Abstract: How neural networks coordinate to support speech perception and speech production represents a forefront research topic in both contemporary neuroscience and artificial intelligence. Despite the successful incorporation of hierarchical and predictive attributes from biological neural networks (BNNs) into artificial counterparts, substantial disparities persist, particularly in terms of real-time feedback and nonlinear regulation. To gain a more profound understanding of how BNNs manifest these attributes, the present study employed electroencephalography (EEG) techniques to examine the spatiotemporal brain network dynamics involved in listening and oral reading of identical sentences. These two tasks engage distinct sensorimotor modalities while sharing high-level semantic and syntactic representations. According to a hierarchical feedforward model, the low-level auditory and visual inputs would be progressively transformed towards abstract representations of the sentence meaning, leading to a convergence of brain network patterns in higher cognitive regions.
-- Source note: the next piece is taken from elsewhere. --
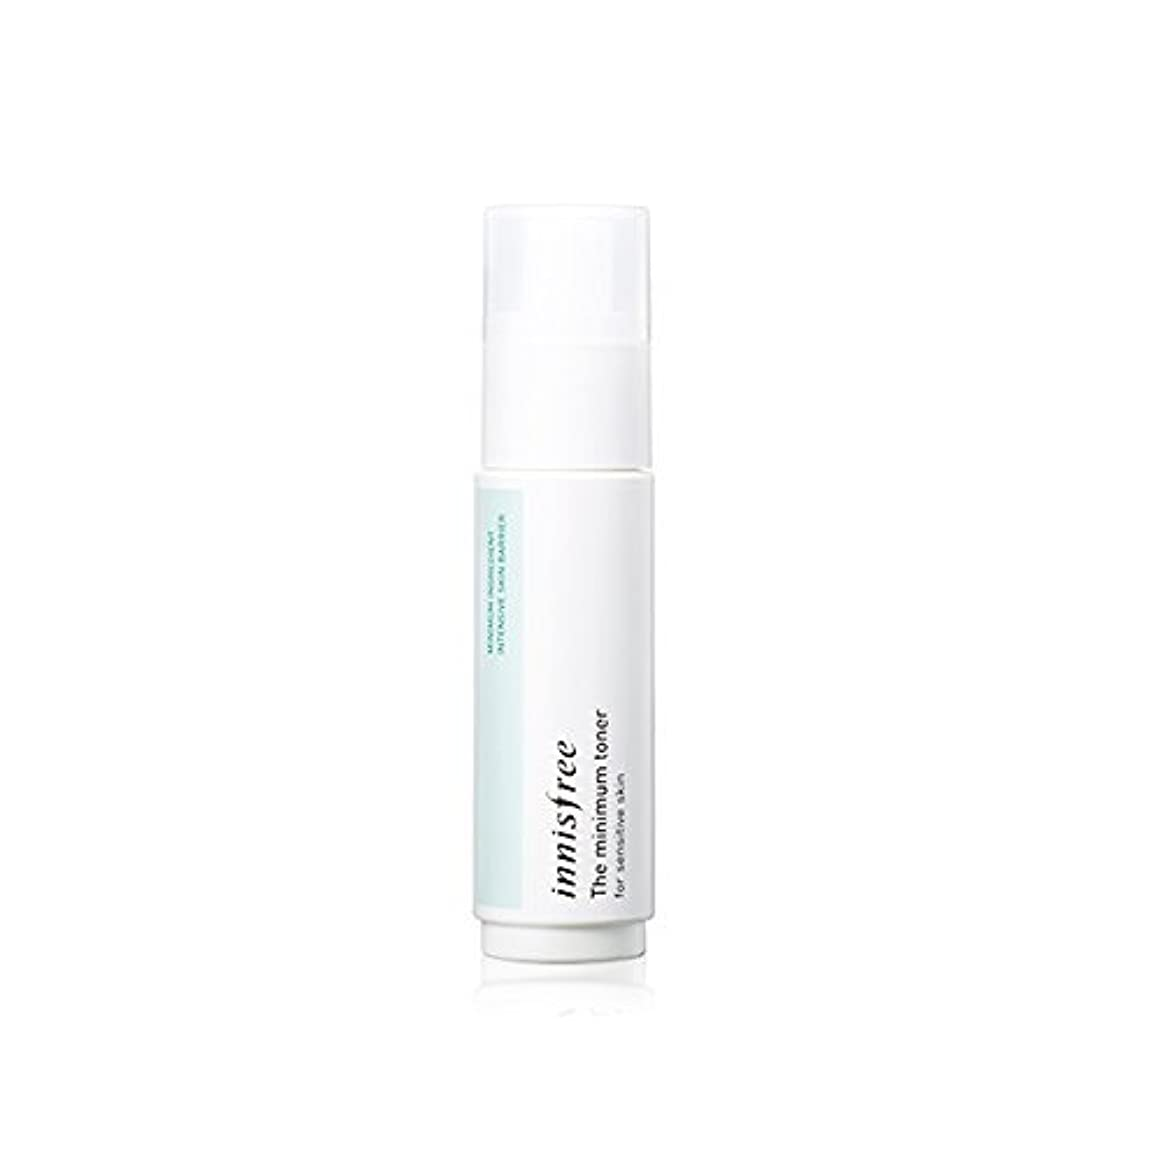 確保する回復精神Innisfree The Minimum Toner For Sensitive Skin [並行輸入品]

However, our findings challenged this viewpoint by revealing an early resemblance of network activation in the prefrontal and parietal areas in both tasks. It implies a top-down predictive mechanism along with the bottom-up progression. This bidirectional interaction could be potentially implemented through frequency-specific synchronization and desynchronization between functional-specific cortical regions, laying the foundation of the speech chain system with common neural substrates.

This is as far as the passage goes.